An elderly couple had sat in their garden one evening and observed 129 bats fly out of the loft. We’ve got bats, she said and asked how she went about getting rid of them? I found myself talking to a stranger who obviously considered bats to be like having mice in her house and I was about to tell her it would be against the law to disturb them. What do you think of midges? I asked her…
A man called with a harrowing tale of two bats he’d found in a storage tub in his garage. One was dead and the other was clinging onto it, barely alive. He emailed me a photo so I could see how dead the dead one was. Like many other calls I’ve taken like this I took his details and had a look at our google map of bat carers and roost visitors to see who was nearest. Then I spent some time getting hold of different people until I found one who was able to take in an injured bat that night. I passed on the man’s details and they liased to exchange the bat and hopefully nurse it back to health and release it.
That’s the last I hear of individual cases on the bat line. At the monthly meetings the bat care secretary delivers the stats for that month. How many injured bats in, how many released, how many die and how many need to be euthanized. Some make it, others don’t. A lot of people dedicate a lot of time and energy to achieve the result of some of the bats taken in being released. Disproportionate you could argue…
One of my favourite science-fiction stories is The Sound of Thunder by Ray Bradbury. After stepping on a butterfly while on a time traveling trip to the Jurassic era, a man returns home to the future to find it’s not as he left it. That butterfly was food for another creature and ancestor to a billion others who all had their place in history. Without it things just weren’t the same. I like to think of the bats that get successfully rereleased this way. They are the potential ancestors of and food to countless others. You’re not just adding one creature back into the mix, the effects can spread far further than that.

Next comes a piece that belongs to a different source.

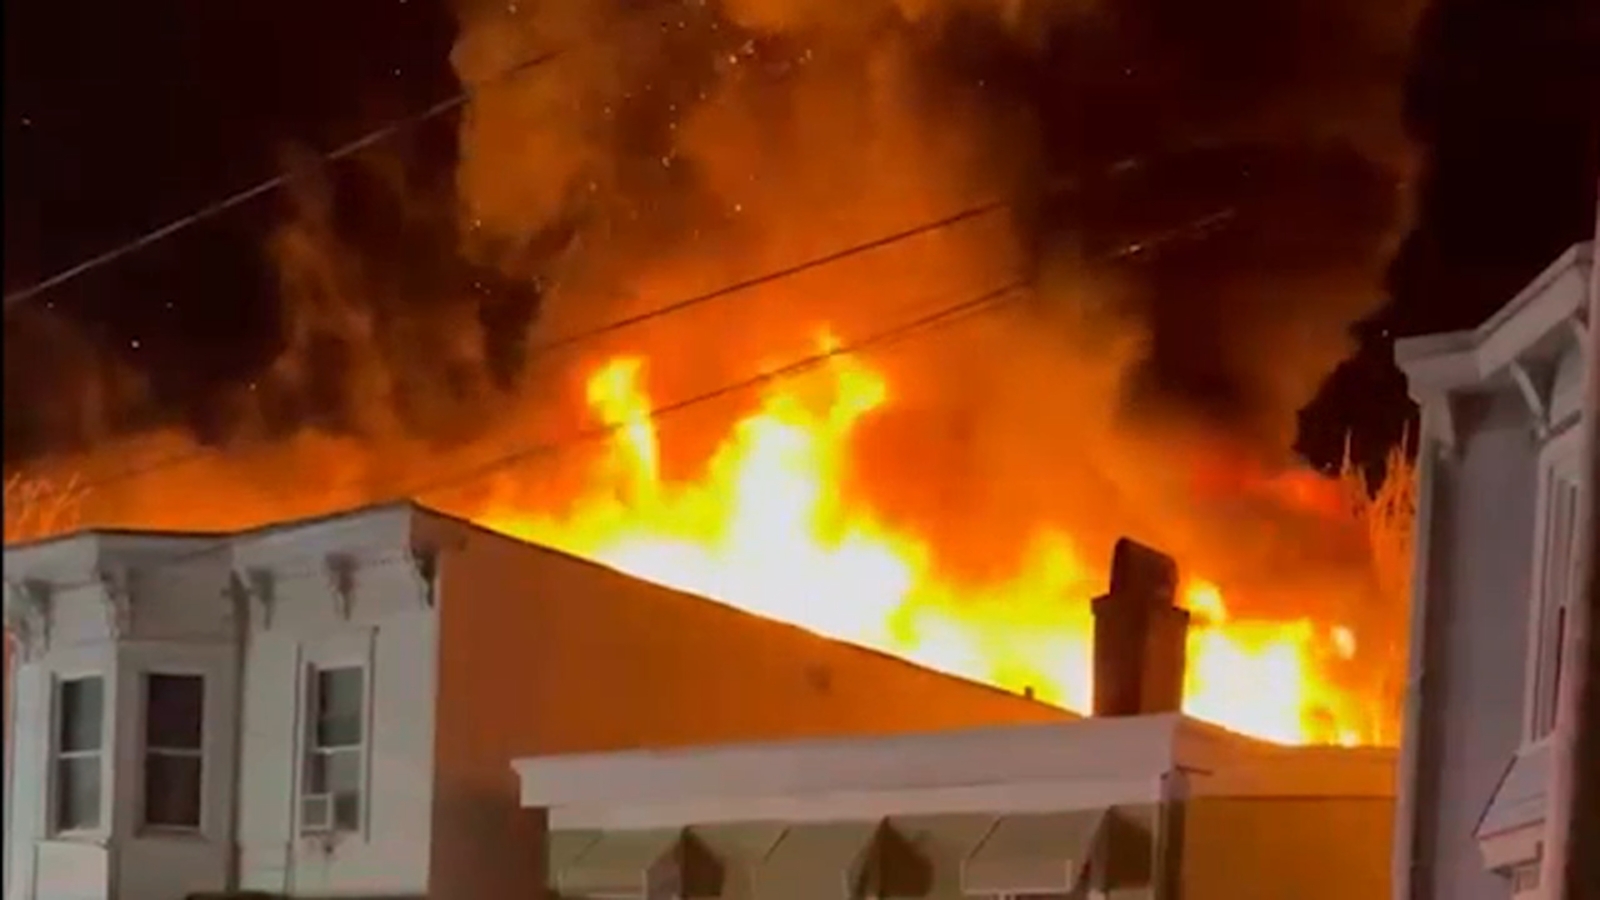 Fire rips through buildings in Newburgh, Orange County; young child alerts family [Video]
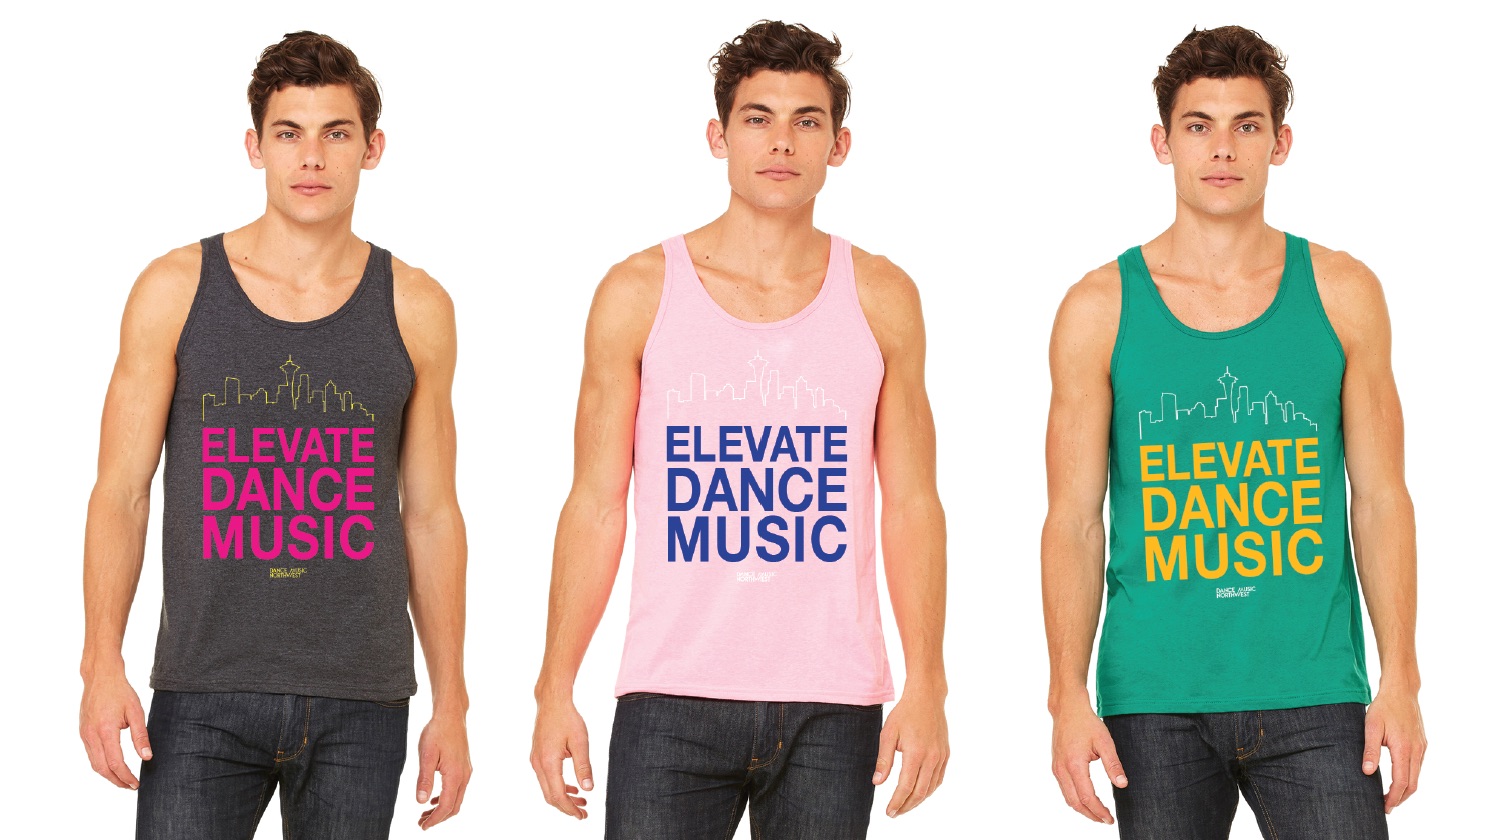 elevate dance music tank top re-release feature image

Earlier this year I trained as a bat carer and last week I got my rabies form back from the doctors confirming that I up to date on my jabs. Now I can experience the other side of the bat line. Yesterday was Tuesday, my day on the line. One call: a couple on Chorlton had found a bat in their porch. Perfect! Chorlton is ten minutes down the road from me. I arranged to collect it when I got home from work. I left work early so could tidy the spare room in preparation and read up on the bat care workshop notes, People at work wished me luck…
Having recently (finally) passed my driving test I was able to drive to the person’s house. When I arrived he was stood on his doorstep looking into an open shoe-box. Sadly the bat was dead. Some make it, some don’t.
I had a look at its wings and they had puncture holes which I imagine would have matched the cat’s teeth which was winding around its owner’s legs when I collected the bat from them, Cat’s can of course not help their predatory nature. It was this bat’s misfortune that the two animals met.